A rain screen detail is the way to go but in my 25 years of doing this stuff I’ve “never” seen it done. I’ve tried to sell it a few times but no go. It defiantly adds considerable cost. It also creates other issues that add to the cost such as door jamb extensions, electrical outlets, vents that all have to be moved out to look right. Sometimes windows are an issue. Might not be as bad on new construction if it was all planed out.


----------



## kelley4180 (Oct 2, 2009)

Agree, photodocing progress appreciated. I'm about 18 months from doing this myself.


----------



## jlhaslip (Dec 31, 2009)

Just north of you in British Columbia, the rain screen is code.


----------



## Tom Struble (Dec 29, 2008)

pack out of doors and windows is an issue but no more of an issue than if you were going to install a thick foam underlayment

more of an issue would be adequate roof overhang


----------



## bbg (Mar 17, 2010)

*Re-siding a house.*

Thanks everybody for "chiming in" on answers, suggestions and comments. I will look in to the Hardiplank website and look at that 'rainscreen' item. 
I have been in my house for 20 years, bought it new and the front of the house is LP lap siding and the other three sides are the T-1011 siding. And yes, there are areas of the T-1011 where there is de-lamination/blistering happening.
I will be more than happy to share progress pictures with you all. I plan on doing the front some time this summer. What's nice about my "humble little abode" is I can do the siding in phases and complete portions of it in a day (minus the painting).
Another question; what is anybodies recommendation on putting hardipllank over T-1011? Any wrap underneath the Hardiplank?
Again everybody, thanks for the feedback!!!!:thumbup:


----------



## Gary in WA (Mar 11, 2009)

Welcome to the forum! I'm in Tacoma. 

Rain screen: http://www.greenhomebuilding.com/pdf/RainScreen.pdf

http://www.nchh.org/Portals/0/Contents/Article0440.pdf

http://www.coastalcontractor.net/article/135.html

The trouble with house wraps: http://www.dickseibert.com/martin.pdf

Make sure it's real builder's paper: http://www.fortifiber.com/pdf/fortifacts/fortifacts_ask_vs_felt.pdf

Tar paper over T1-11 is fine as it only has a perm rating of 6- 30 after it gets wet. http://www.hornerflooring.com/techguide/maintenance/watervapor.pdf

It is a vapor retarder, not barrier, two layers would not be a problem.

Be safe, Gary


----------



## bbg (Mar 17, 2010)

Thanks for the great links Gary. I am tentatively planning on doing one section of siding above the garage roof where two bedrooms reside.
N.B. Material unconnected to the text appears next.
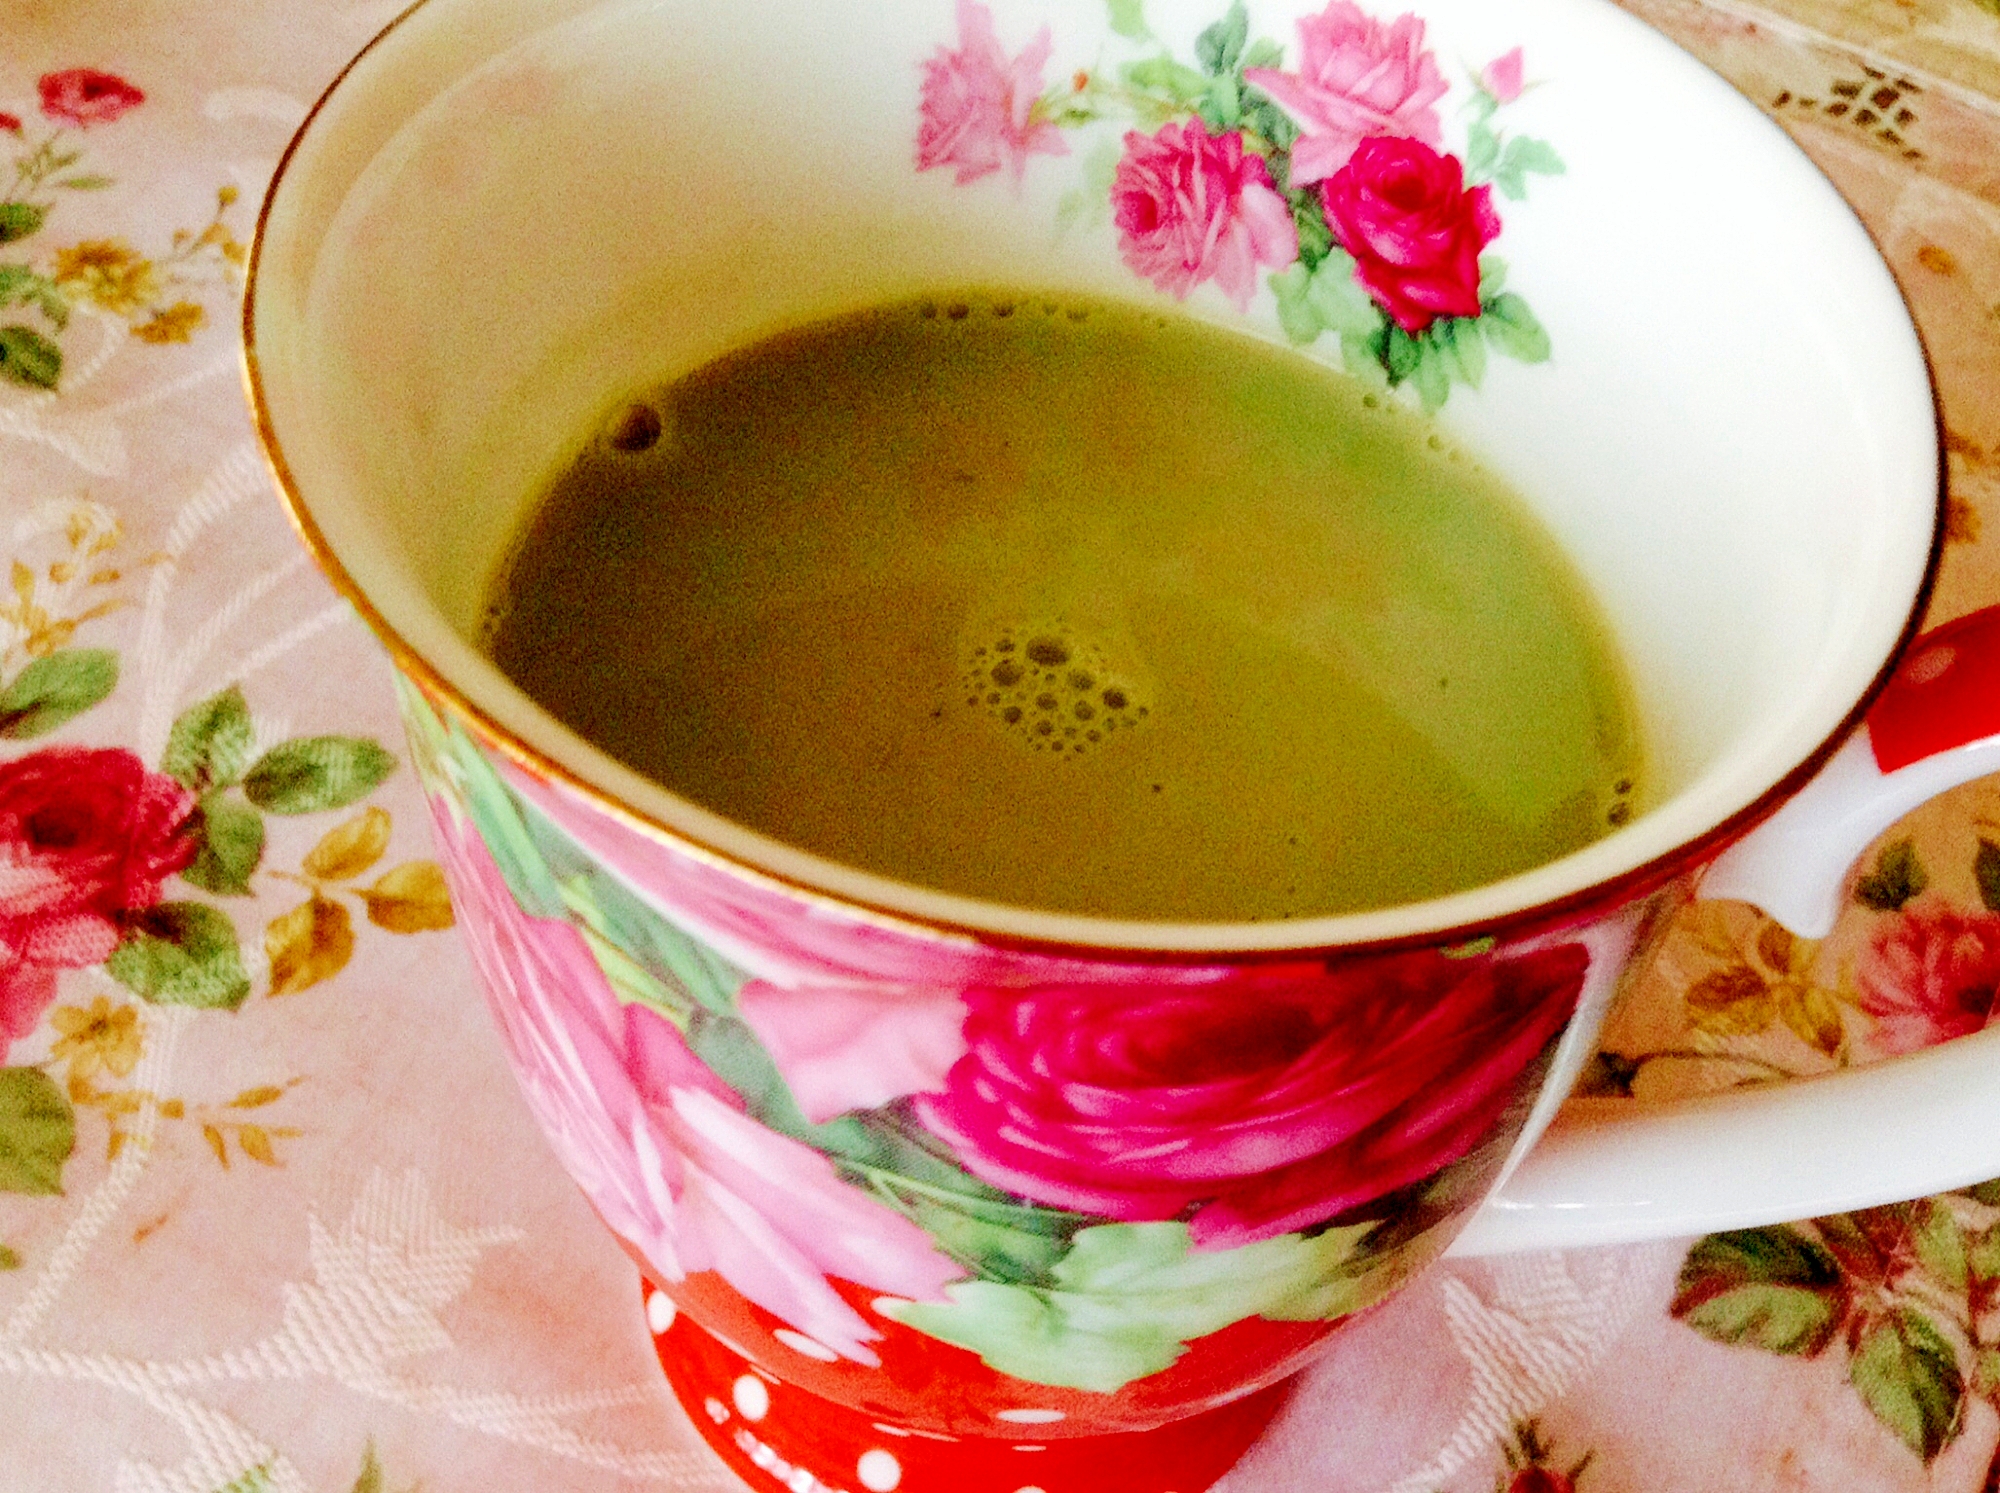 青汁を美味しく❤︎はったい粉ほうじ茶ラテ

I plan on stripping the siding off, check the roofing paper, and replace the two windows. Thanks to you, it looks like I have some good, easy steps on how to properly install wrap as well as around windows.:thumbsup:


----------



## Gary in WA (Mar 11, 2009)

Glad we could help, that's why we are here! Always a nice surprise to answer someone so close, too. 

Be safe, Gary


----------



## Exterior Finish (Sep 16, 2009)

I have been in the siding business for 24 yrs, and I wouldn't recommend installing anything over an existing exterior, especially one that is delaminating. The biggest issue with this is that your existing siding might be hiding other issues that have been generated over the yrs, ie: rot below windows due to moisture infiltration. If the LP siding is coming apart, it won't stop just because you can't see it anymore!
In Canada, all coastal regions require a rain screen now, and for good reason. Fiber cement and other composite products are completely unsealed on the back side, so any water(or vapor) that either infiltrates or escapes from the inside will shorten the lifespan of the new product. If you paint the back, you just voided the warranty on the board. 
Also, all new home warranty insurers in BC require the use of building paper(felt) for these products unless you have a rainscreen.


----------